TASK BRIEF » Could you restate the data word for word and drop the pictures?

RAW DATA »
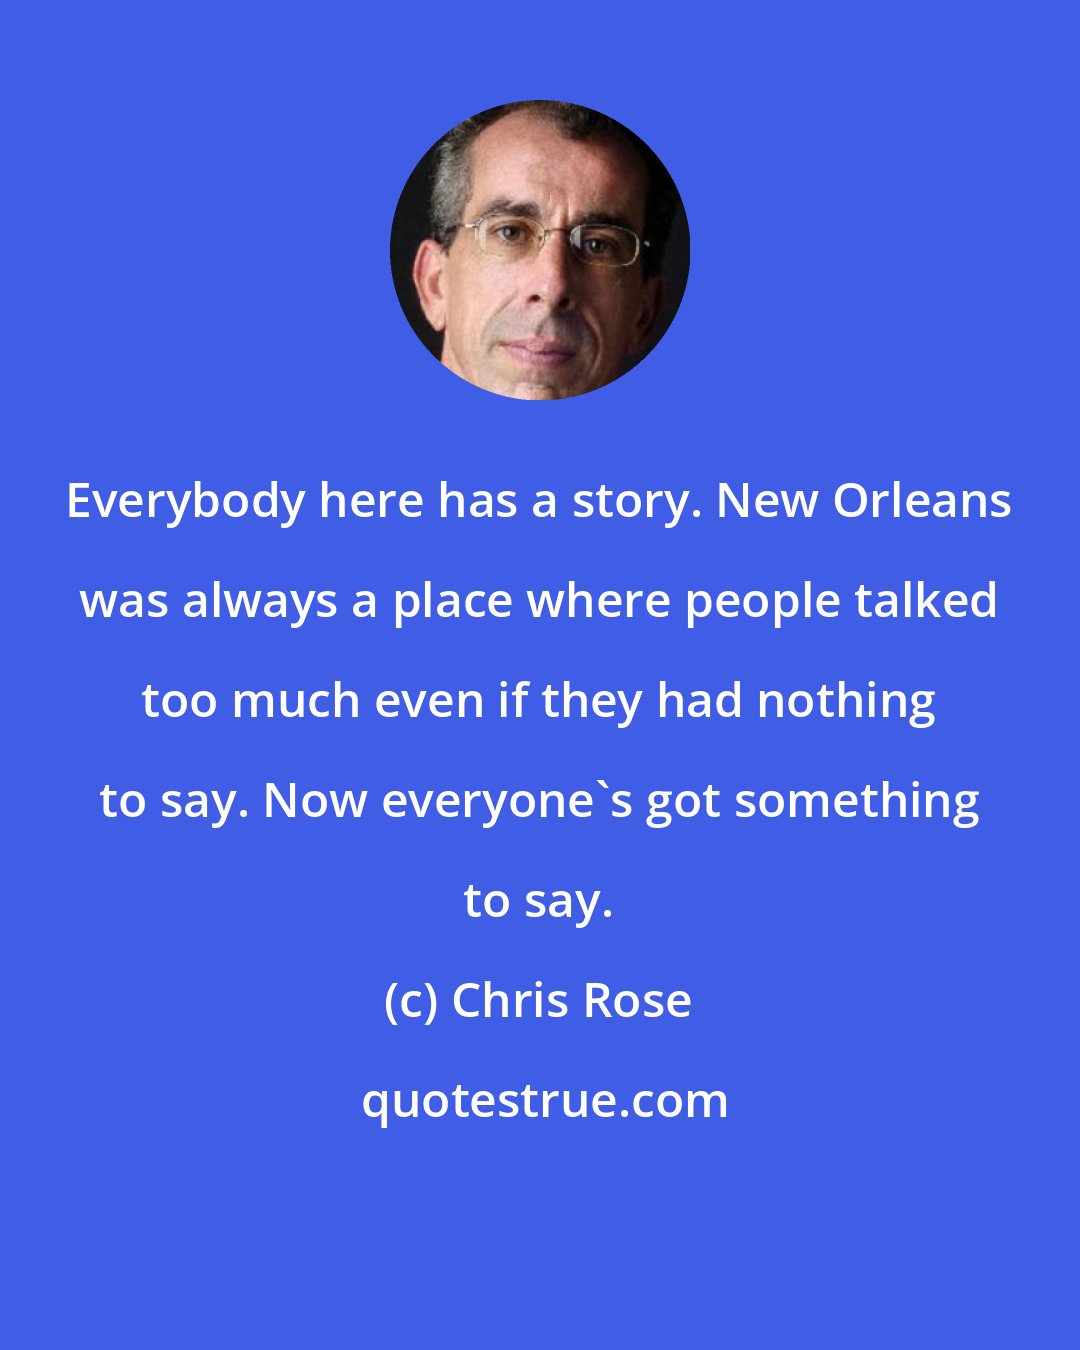 Chris Rose: Everybody here has a story. New Orleans was always a place where people talked too much even if they had nothing to say. Now everyone's got something to say.
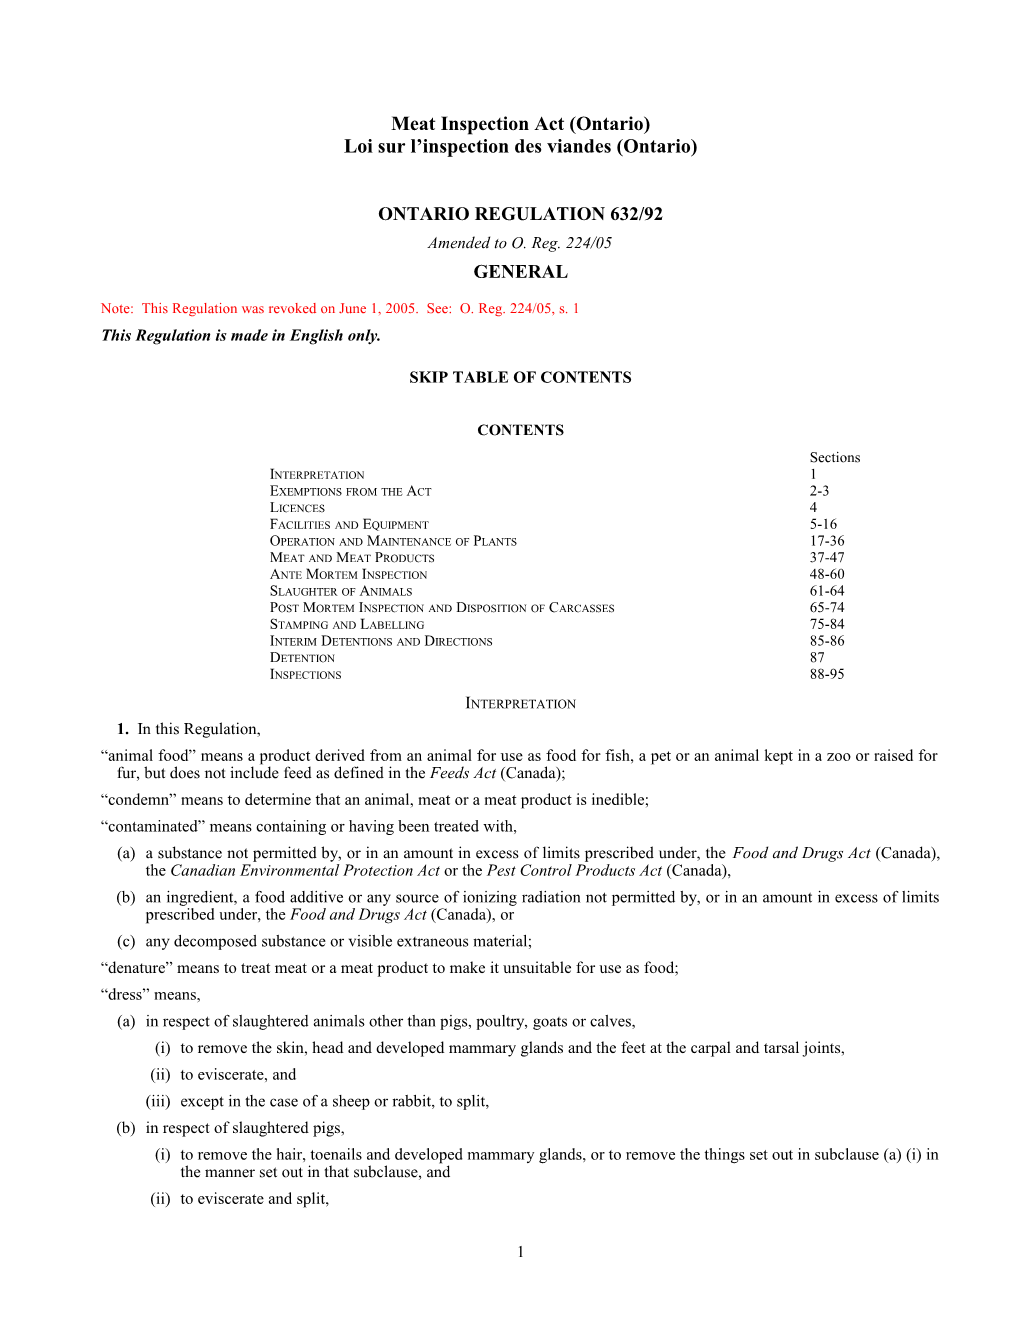 Meat Inspection Act (Ontario) - O. Reg. 632/92
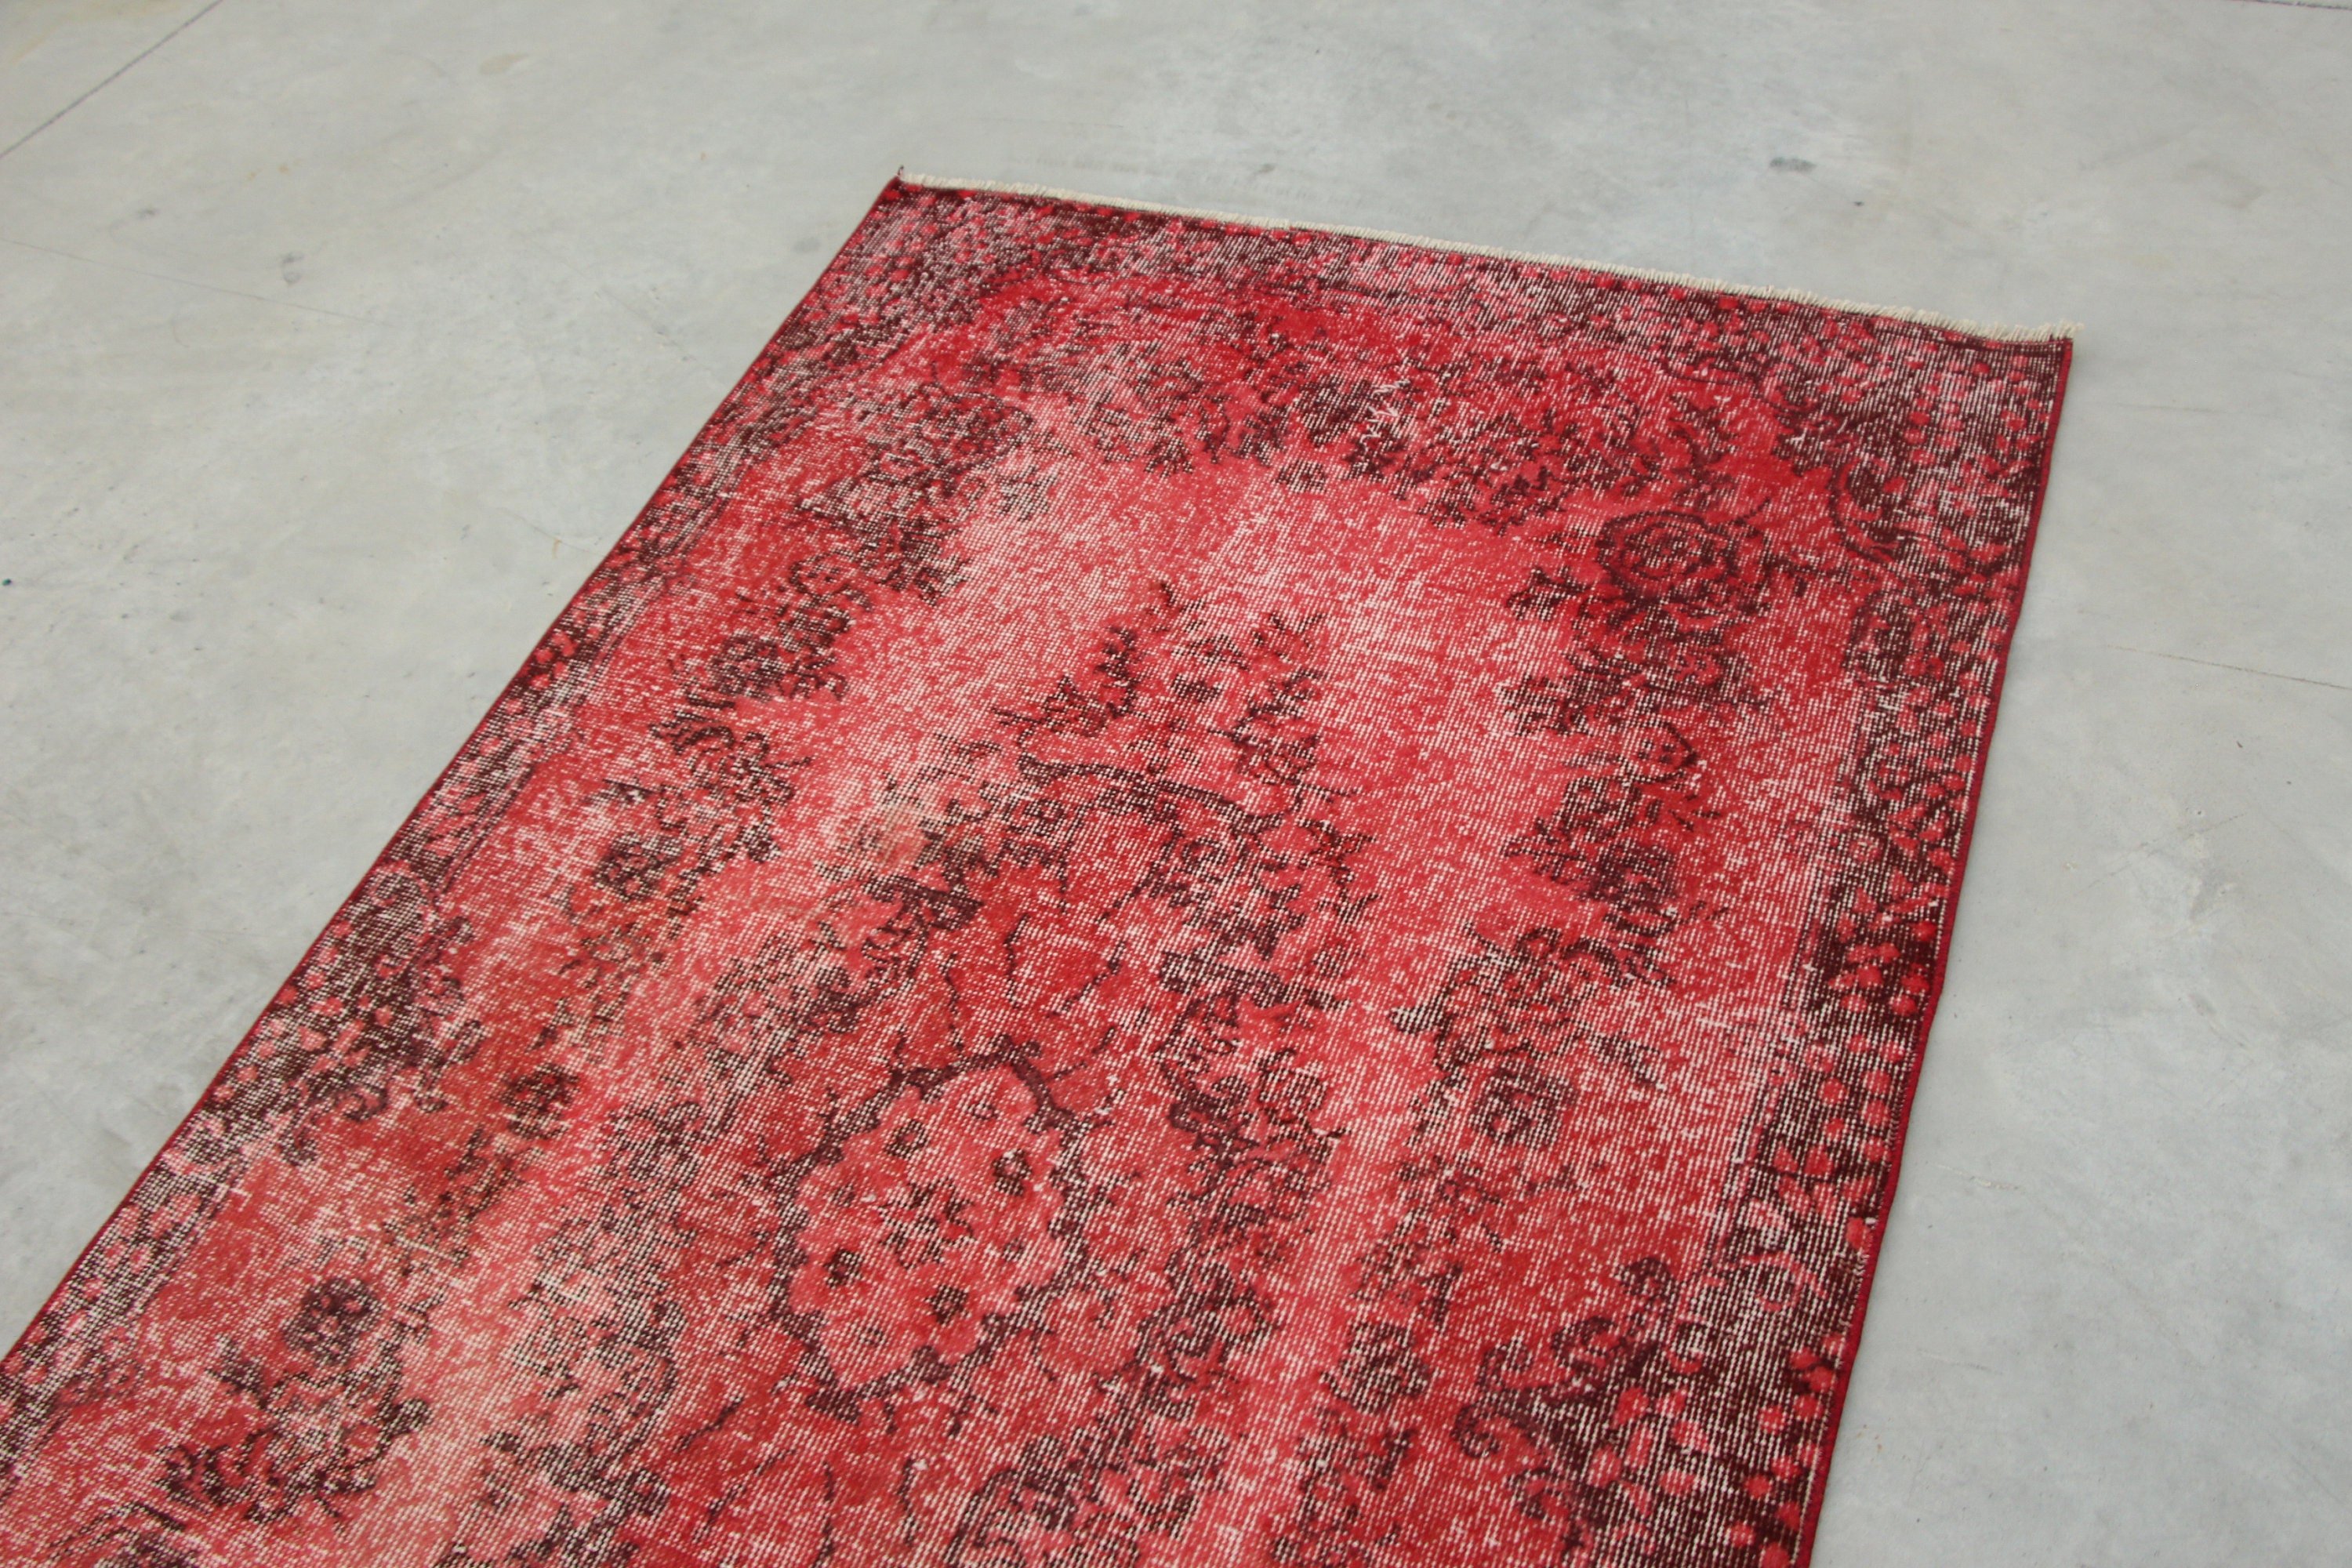 Rugs for Bedroom, 3.6x6.6 ft Accent Rug, Oushak Rug, Red Kitchen Rugs, Home Decor Rug, Nursery Rug, Abstract Rug, Turkish Rugs, Vintage Rug

TASK OUTPUT »
 Chris Rose: Everybody here has a story. New Orleans was always a place where people talked too much even if they had nothing to say. Now everyone's got something to say.
 Meat Inspection Act (Ontario) - O. Reg. 632/92
 Rugs for Bedroom, 3.6x6.6 ft Accent Rug, Oushak Rug, Red Kitchen Rugs, Home Decor Rug, Nursery Rug, Abstract Rug, Turkish Rugs, Vintage Rug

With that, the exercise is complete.